Nella sezione “APPROFONDIMENTI”,
troverete un nuovo contributo di Simonetta Dall'Ava che
ci parla della revisione (la sesta, COM (2025) 418)
della Direttiva cancerogeni, presentata il 18 luglio 2025, con
la proposta di fissare nuovi limiti di esposizione per il
cobalto e i suoi composti inorganici.
Per concludere, nella sezione "JURIS",
due nuovi commenti a sentenze a cura dell'Avvocato Daniele
Zaniolo. Il primo riguarda una sentenza di
condanna di un preposto con cui gli ermellini
chiariscono in cosa consista la posizione di garanzia
di questa figura. Il secondo è un commento ad una sentenza
su un caso che vedeva coinvolti tre imputati accusati di
omicidio colposo e affronta la questione di come l’appartenenza a un’organizzazione complessa richieda un’analisi specifica delle responsabilità effettivamente esercitate e non di quella che può emergere soltanto dalla qualificazione contrattuale.

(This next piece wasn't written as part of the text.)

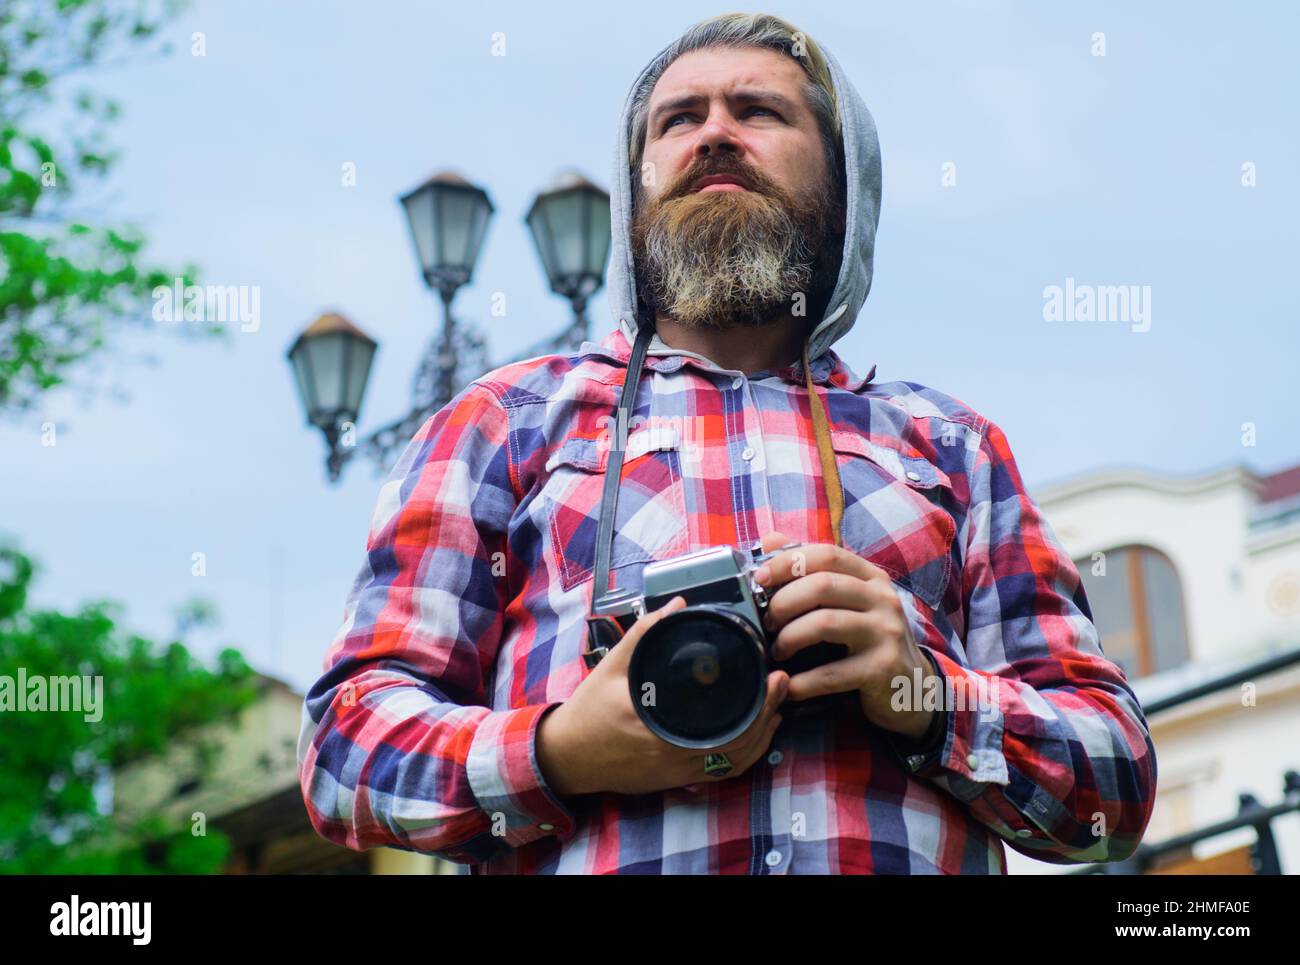 Fotograf mit Fotokamera. Bärtiger Mann, der Foto auf einer Digitalkamera macht. Reisende machen Fotos auf der Straße. Stockfoto
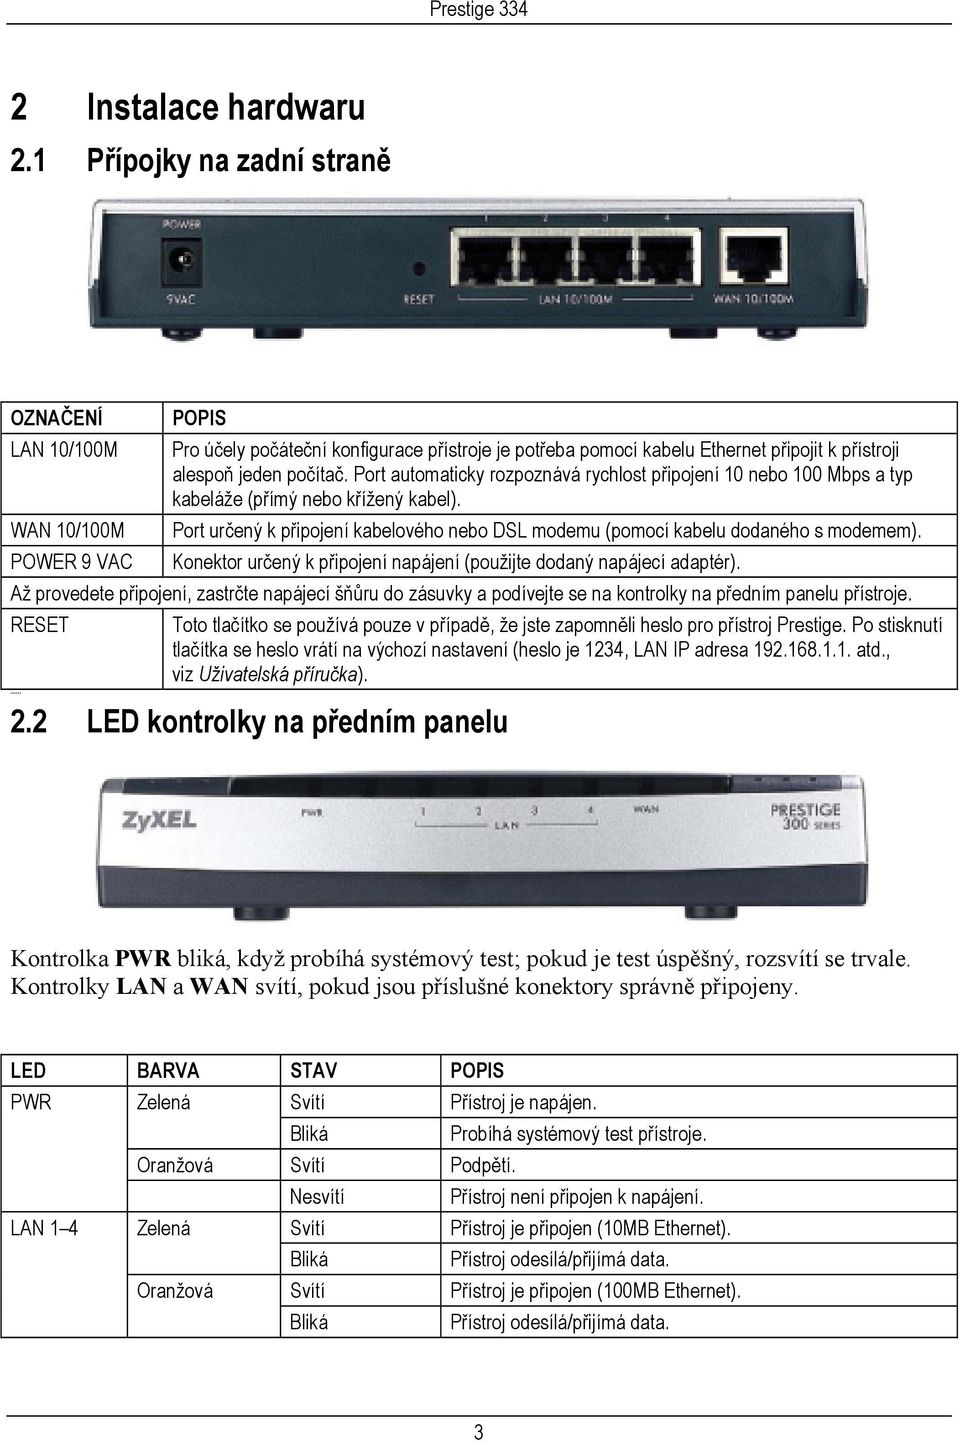 Port automaticky rozpoznává rychlost připojení 10 nebo 100 Mbps a typ kabeláže (přímý nebo křížený kabel). Port určený k připojení kabelového nebo DSL modemu (pomocí kabelu dodaného s modemem).

Il nuovo Accordo Multilaterale M368 che
sostituisce l'M329
WEBINAR giovedì 20 novembre – 10.00-12.00
Il
21 settembre scorso è scaduto l’Accordo
Multilaterale M329 che consentiva alcune deroghe
e semplificazioni per il trasporto su strada di
rifiuti contenenti sostanze pericolose, rispetto
alle disposizione dell’ADR. In data 12 settembre 2025,
l’Austria ha pubblicato sul sito dell’UNECE la proposta
di testo del nuovo
Accordo Multilaterale M368, che va a sostituire
l’M329, in modo da poter dare continuità ad alcune
disposizioni in esso contenute e poter usufruire
delle deroghe e delle semplificazioni da parte dei
Paesi sottoscrittori. L'Italia ha appena comunicato
di aver, anche lei, sottoscritto l'Accordo.
Le deroghe più importanti
riguardano:
• Aerosol (bombolette spray)
• Omologazione imballaggi
• Il trasporto di rifiuti a rischio infettivo
• Descrizione delle miscele
• Rifiuti pericolosi per l’ambiente
• Macchine e apparecchiature che contengono materie
pericolose
• Imballaggi vuoti
Il presente Webinar rappresenta
il secondo appuntamento gratuito riservato agli
abbonati al canale informativo OrangeNews per l'anno
2026. L'Ing Liborio Macaluso spiegherà
cosa prevede il nuovo Accordo, cosa mantiene delle
vecchie disposizioni ed in cosa cambia.